Миша был с виду настоящий аскет: худой, длинная борода. Жена его тоже писала стихи, дом был уставлен книгами, большинство из них — на иврите. Миша утверждал, что в Писании нет случайных слов и потому его краткость требует очень внимательного чтения. Например, говорил Миша (Соловьев в «России и вселенской Церкви» говорил буквально то же самое), рассуждая о творении, нужно обратить сугубое внимание на то, что слово «сотворил» употреблено в шестидневе всего лишь три раза. Что же сотворено, то есть произведено из ничего? «Небо и земля» (которые, как Миша, так и святой Августин интерпретировали не как наше небо и землю, а как своего рода зародыши духовного и материального мира) — живые существа, наделенные нервной системой («рыбы большие и всякая душа животных пресмыкающихся»), и люди! Про все остальное сказано иначе, например о растениях: «И сказал Бог: да произрастит земля зелень, траву, сеющую семя…» (Быт 1, 11). Очень интересно то, что более примитивные формы жизни, по-видимому, рассматриваются, как прямое продолжение неживой природы, которые «земля» может произвести, то есть всецело находящиеся в рамках тех законов, которые управляют всей остальной природой. В такой жизни, по-видимому, нет ничего принципиально нового, кроме ее сложности, поэтому никакого дополнительного акта творения она не требует. Иное дело — высшая жизнь, «душа животных пресмыкающихся». На этом уровне уже, по-видимому, появляются чувства, внутренний мир. Науке, кстати, до сих пор не ясно, почему один кусок материи обладает внутренним миром, а другой нет. Многие думают, что если компьютер сделать достаточно сложным, у него возникнут эмоции. Я никогда не понимал, что дает нам основания для такого рода веры. Следующий этап творения — человек с его способностью к рефлексии, к осознанию и анализу самого себя.
Миша был поэтом и, как и я, был влюблен в русскую поэзию. Помню, мы с ним, чередуясь, по два часа подряд читали наизусть стихи — Пушкина, Лермонтова, Тютчева и так далее, до Заболоцкого и Тарковского. Вот его стихи, написанные в 1988 году:
В начале 1990-х Миша уехал в Израиль. Я слышал, что он перевел на русский множество сложнейших еврейских мистических трактатов, например «Зохар» («Книга сияния»).
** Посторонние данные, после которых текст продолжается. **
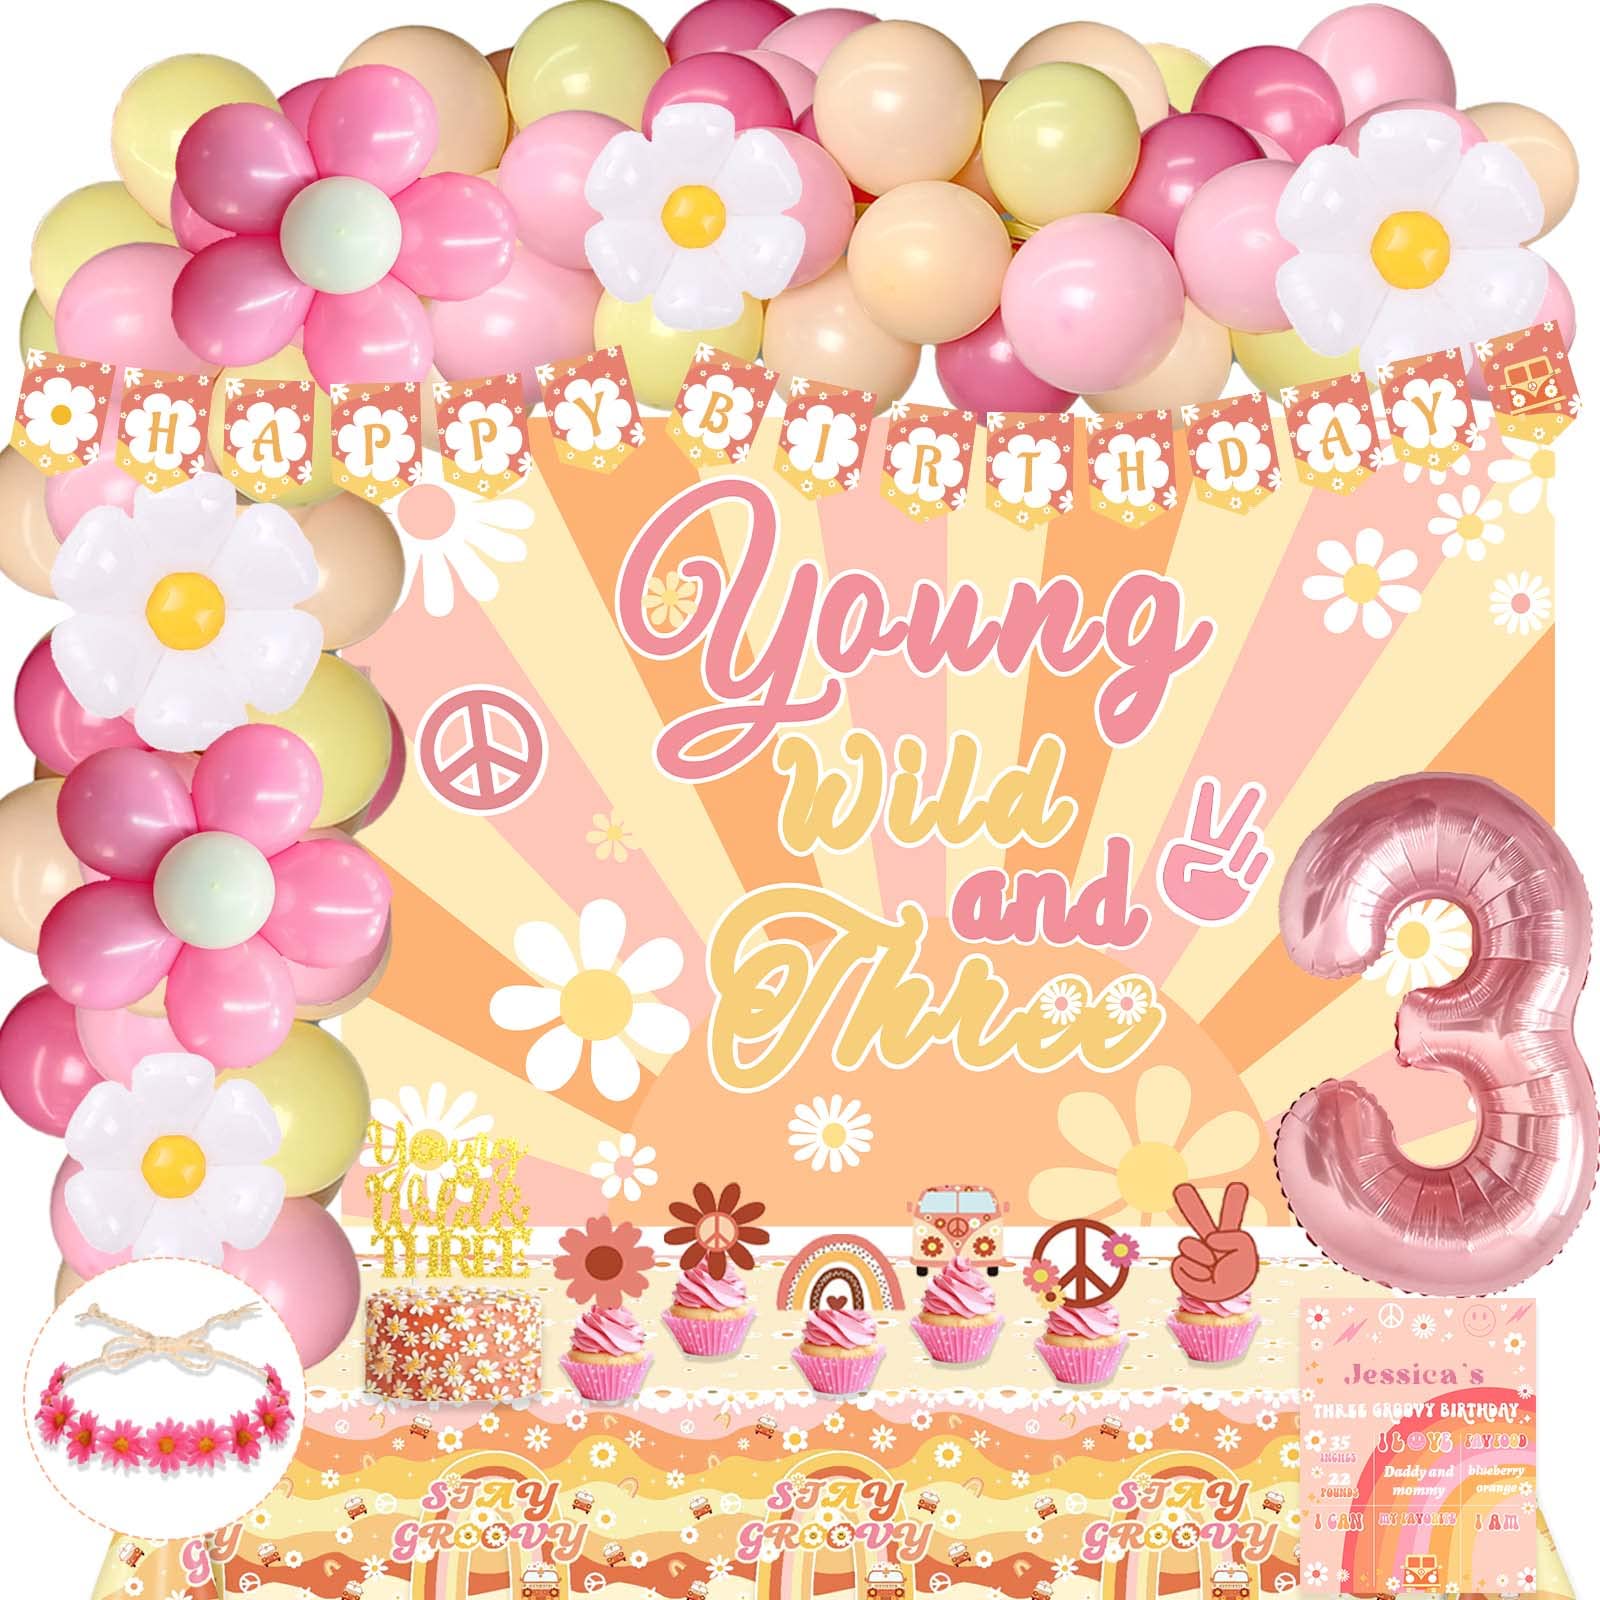 122 PCs Young Wild and Three Decorations Girl, Fiesec Groovy Boho Daisy Hippie 3rd Birthday Party Decorations Backdrop Balloon Garland Banner Tablecloth Cake Cupcake Topper Headband Poster Retro Pink

Николай Павлович Иванов ко времени нашего знакомства был уже стариком, было ему тогда восемьдесят четыре года. Он прошел лагеря начала 1930-х и говорил, что ему страшно повезло, что арестовали его рано, так как если бы это случилось позже, когда маховик террора уже полностью раскрутился, он бы наверняка погиб. А тогда, в 1933 году, шел в основном поток раскулаченных крестьян, среди которых Николай Павлович был редким человеком с образованием и, как человека грамотного, его назначили в лагере на «бумажную» должность. Так он выжил и через несколько лет вышел на свободу. Когда Сталин во время войны вернул Церкви некоторые из ее функций, Николай Павлович поступил в духовную семинарию при Троице-Сергиевой лавре, которую окончил в 1951 году. Как и многие из нас, в молодости он воспринимал свою жизнь как череду несчастий и неудач и только позже понял, что то, что ему казалось неудачей, было чудесным спасением. Были и у меня в жизни такие моменты.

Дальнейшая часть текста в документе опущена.